Recently there have been two papers asking whether cheminformatics or virtual screening in general, have really helped drug discovery, in terms of lead discovery.
The first paper from Muchmore et al focuses on the utility of various cheminformatics tools in drug discovery. Their report is retrospective in nature where they note that while much research has been done in developing descriptors and predictors of various molecular properties (solubility, bioavilability etc), it does not seem that this has contributed to increased productivity. They suggest three possible reasons for this
- not enough time to judge the contributions of cheminformatics methods
- methods not being used properly
- methods themselves not being sufficiently accurate.
They then go on consider how these reasons may apply to various cheminformatics methods and tools that are accessible to medicinal chemists. Examples range from molecular weight and ligand efficiency to solubility, similarity and bioisosteres. They use a 3-class scheme – known knowns, unknown knowns and unknown unknowns corresponding to methods whose underlying principles are whose results can be robustly interpreted, methods for properties that we don’t know how to realistically evaluate (but which we may still do so – such as solubility) and methods for which we can get a numerical answer but whose meaning or validity is doubtful. Thus for example, ligand binding energy calculations are placed in the “unknown unknown” category and similarity searches are placed in the “known unknown” category.

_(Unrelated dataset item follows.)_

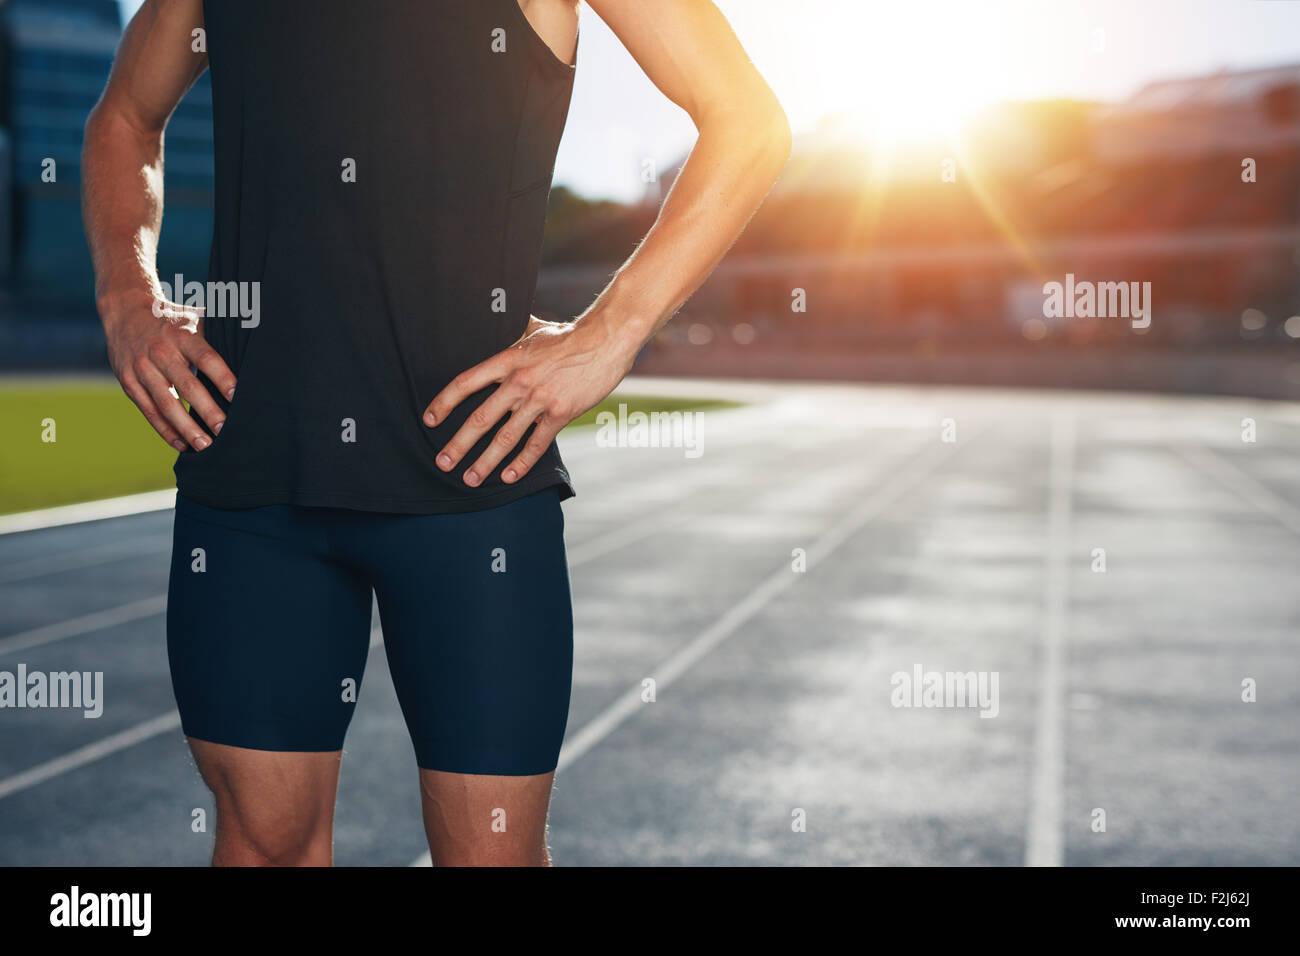 La sezione centrale colpo di atleta maschio permanente sulla pista con le mani sui fianchi su una intensa luce solare. Immagini Stock

It’s definitely an interesting read, summarizing the utility of various cheminformatics techniques. It raises a number of interesting questions and issues. For example, a recurring issue is that many cheminformatics methods are ultimately subjective, even though the underlying implementation may be quantitative – “what is a good Tanimoto cutoff?” in similarity calculations would be a classic example. The downside of the article is that it does appear at times to be specific to practices at Abbott.

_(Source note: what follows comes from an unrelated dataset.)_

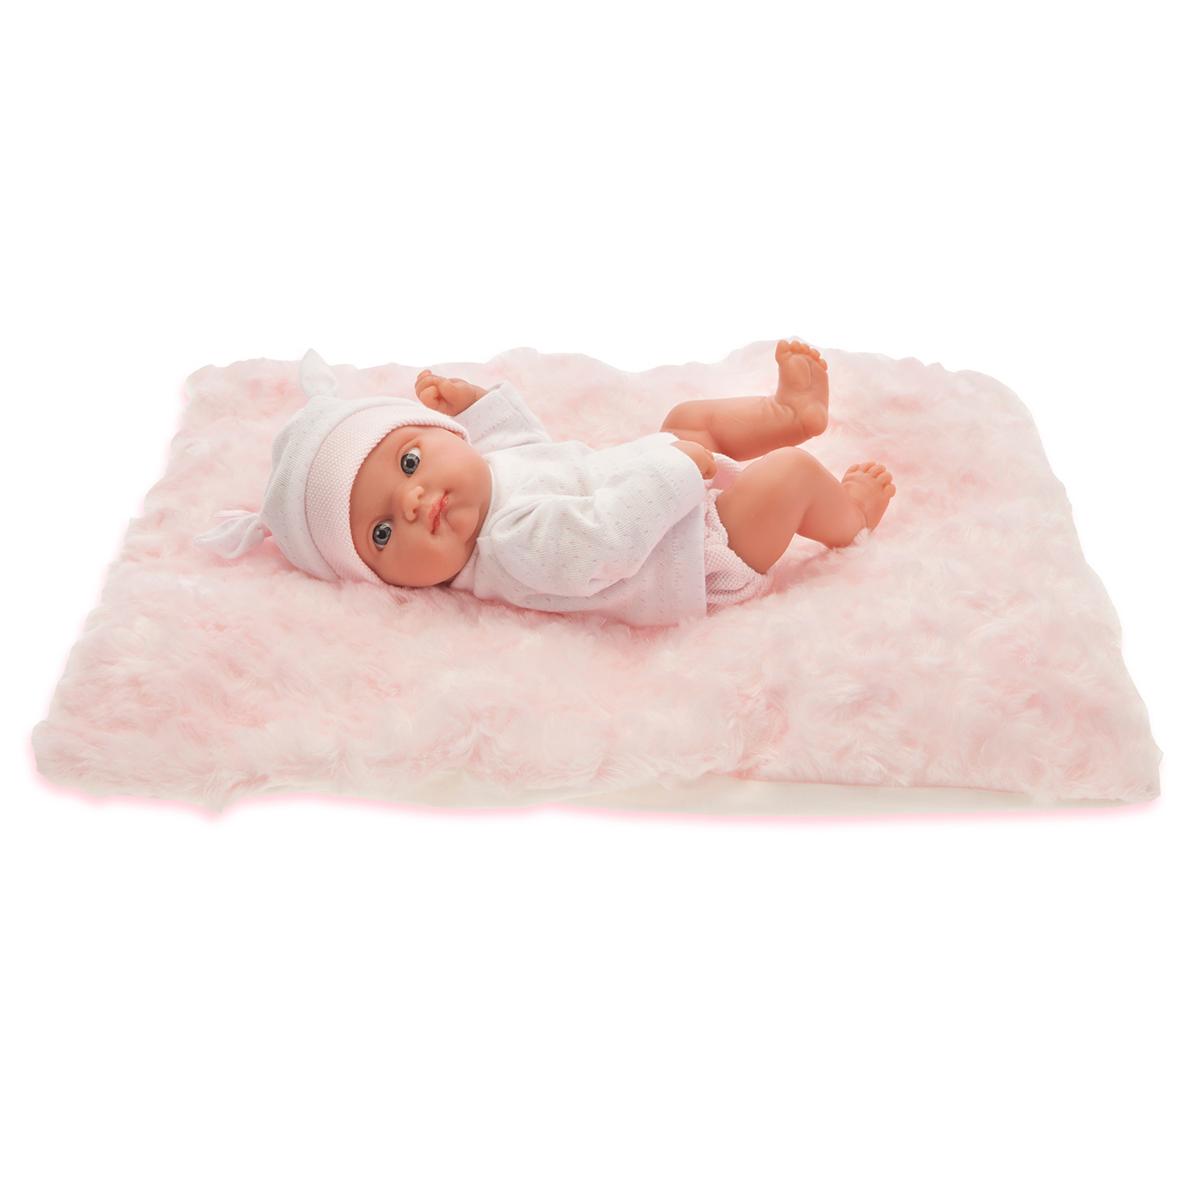 Кукла Пепита на розовом одеяле, 21 см.Куклы Антонио Хуан (Antonio Juan Munecas)<br>Кукла Пепита на розовом одеяле, 21 см.<br>
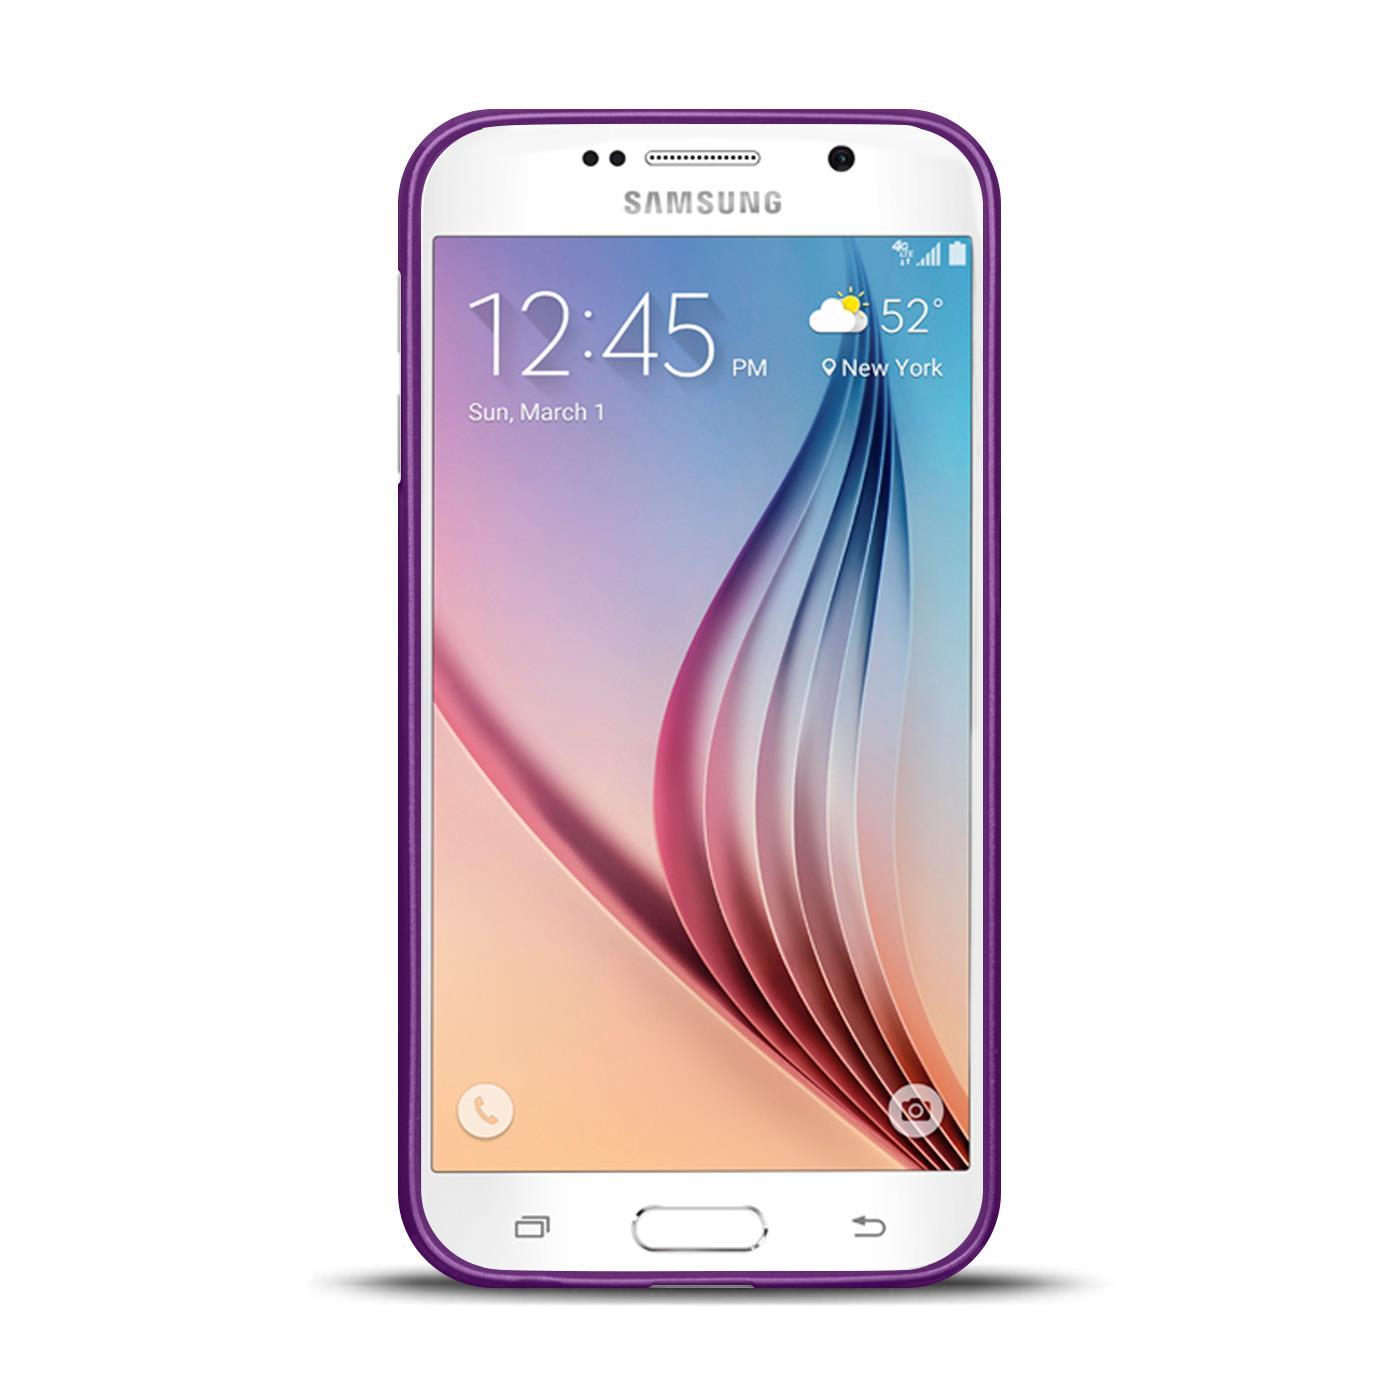 Silikon-Bumper-Case-fuer-Samsung-Galaxy-s6-duenne-ultra-slim-Stossfeste-Rueckschale Indexbild 27

The second paper is by Schneider and is more prospective and general in nature and discusses some reasons as to why virtual screening has not played a more direct role in drug discovery projects. One of the key points that Schneider makes is that
appropriate “description of objects to suit the problem” might be the key to future success
In other words, it may be that molecular descriptors, while useful surrogates of physical reality, are probably not sufficient to get us to the next level. Schneider even states that “… the development of advanced virtual screening methods … is currently stagnated“. This statement is true in many ways, especially if one considers the statistical modeling side of virtual screening (i.e., QSAR). Many recent papers discuss slight modifications to well known algorithms that invariably lead to an incremental improvement in accuracy. Schneider suggests that improvements in our understanding of the physics of the drug discovery problem – protein folding, allosteric effects, dynamics of complex formation, etc – rather than continuing to focus on static properties (logP etc) will lead to advances. Another very valid point is that future developments will need to move away from the prediction or modeling of “… one to one interactions between a ligand and a single target …” and instead will need to consider “… many to many relationships …“. In other words, advances in virtual screen will address (or need to address) the ligand non-specificity or promiscuity. Thus activity profiles, network models and polyparmacology will all be vital aspects of successful virtual screening.
I really like Schneiders views on the future of virtual screening, even though they are rather general. I agree with his views on the stagnation of machine learning (QSAR) methods but at the same time I’m reminded of a paper by Halevy et al, which highlights the fact that
simple models and a lot of data trump more elaborate models based on less data
Now, they are talking about natural language processing using trillion-word corpora. Not exactly the situation we face in drug discovery! But, it does look like we’re slowly going in the direction of generating biological datasets of large size and of multiple types. A recent NIH RFP proposes this type of development. Coupled with well established machine learning methods, this could be lead to some very interesting developments. (Of course even ‘simple’ properties such as solubility could benefit from a ‘large data’ scenario as noted by Muchmore et al).
Overall, two interesting papers looking at the state of the field from different views.